Invariance frees psamp from specifying the order and allows different
vendors to implement the selectors in different way w/o affecting the
results.
that's exactly the point: it seems that "the results" for you means
"the resulting selected sample". With my comment above, I was saying
that "the results" should be on the contrary
"1) the size of the selected sample" and
2) the results you derive from the analysis of the selected sample".

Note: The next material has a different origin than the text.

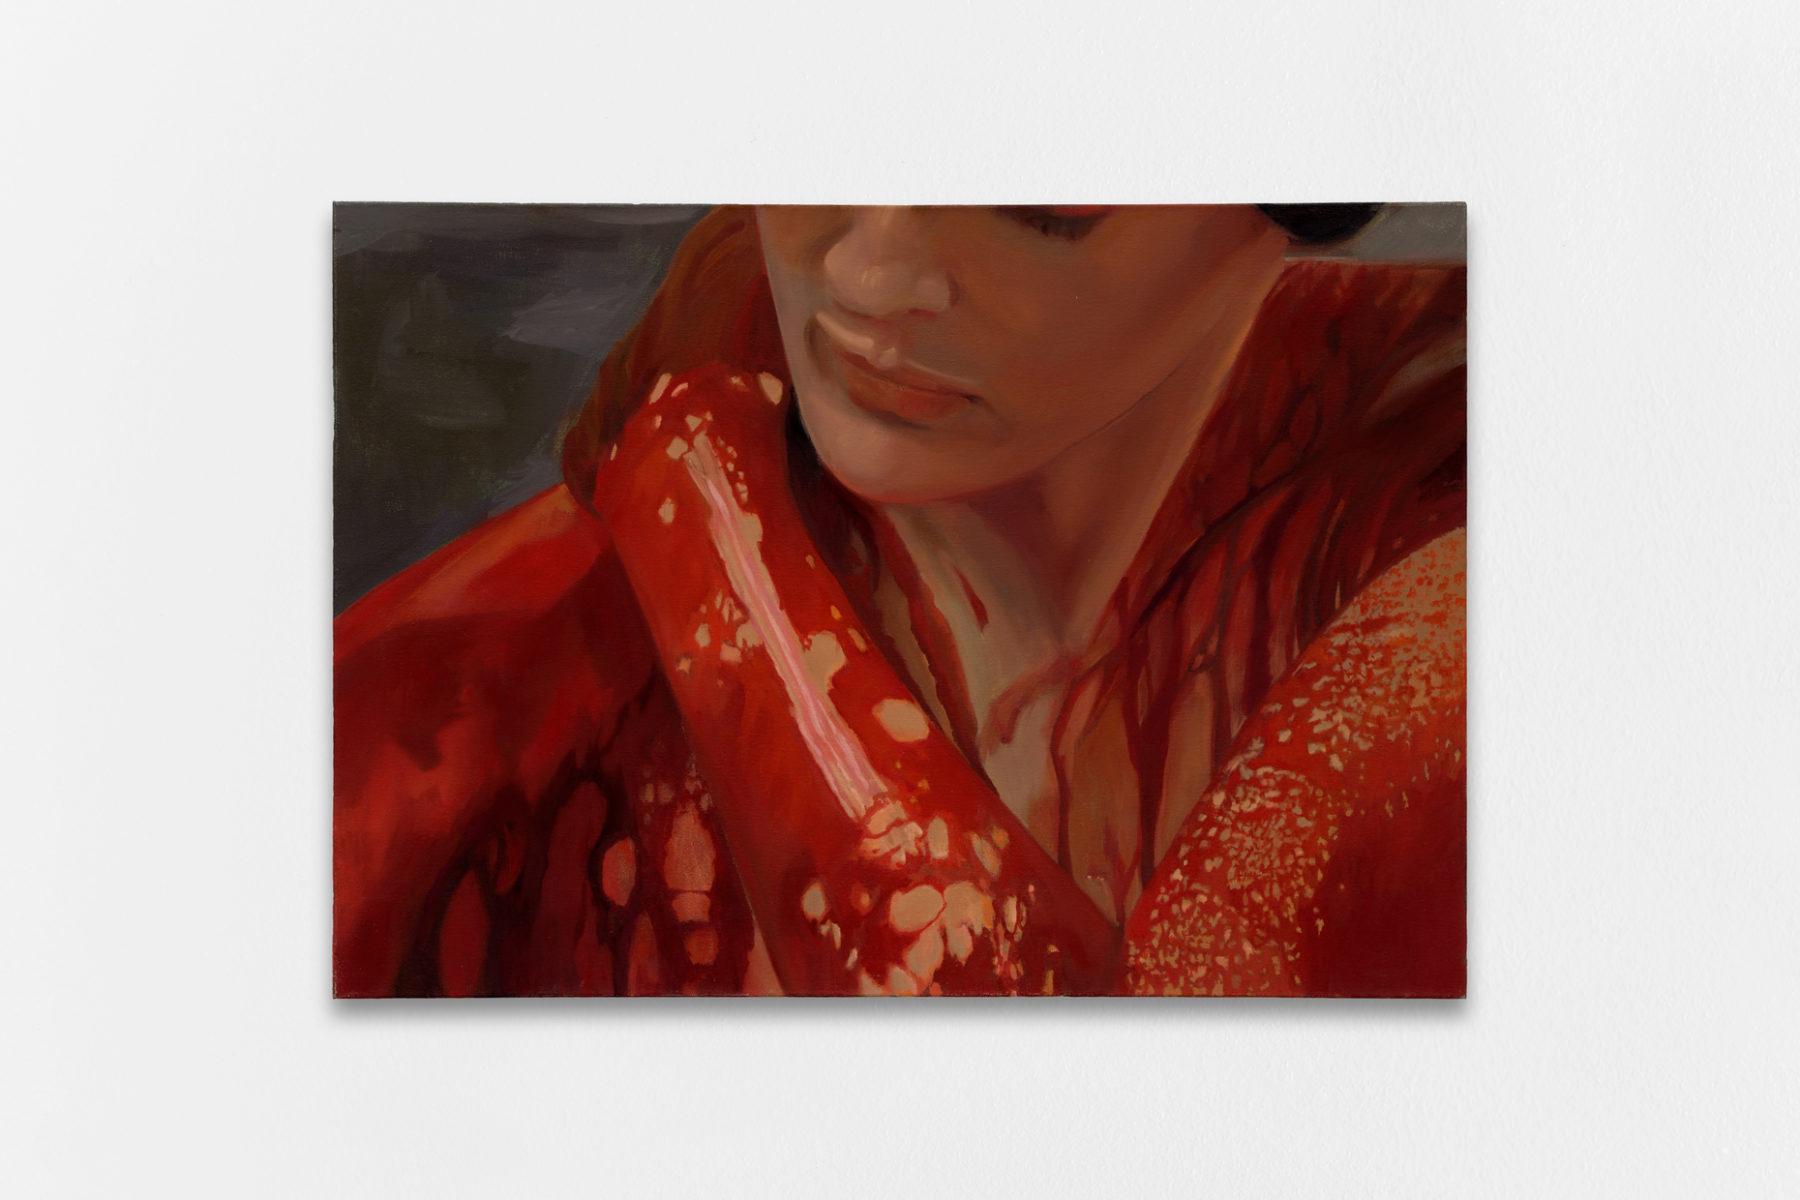 Bathory, Shannon Cartier Lucy, 2020, Oil on canvas, 86 x 61 cm (34 x 24 inches) — Galerie Éric Hussenot, Paris

I wish the results as you define them were all that mattered. But in
a world of multi-vendor interoperability. It so much easier to verify
that the report streams coming from two different vendor's boxes are
identical between different vender's boxes than the final analysis
being similar. Indeed, vendor differentiation may well be in the
report analysis.
How realistic is it that two separate devices, see the exact traffic, and
had their psamp module initialized at exactly the same time? It seems to
me that this can happen only if they are on the same link, or if the link
is lossy, on the same end of the same link (and at least one of them has
to be passive then).
Note that it's not only a terminology issue. If we require that varying
the selector ordering (which is something that we may desire to ease
implementations) we get the same selected sample, then we have to
exclude the whole "third group" of samplers you outlined in your
previous e-mail, i.e. random samplers and samplers based on packet
position. To this last category belongs e.g. the simple 1 out of N
sampler implemented by decrementing a counter, which is the simplest
we can think of. Do we want to exclude it?
I realize it's a radical approach. But, *if* the functionality (by your
definition of results) of the "third group" of random selectors can be
provided by deterministic hash functions on the packet header...
then yes, I'm suggesting the psamp standard exclude the "third group"
Trading generality for debugability seems like a good tradeoff to me.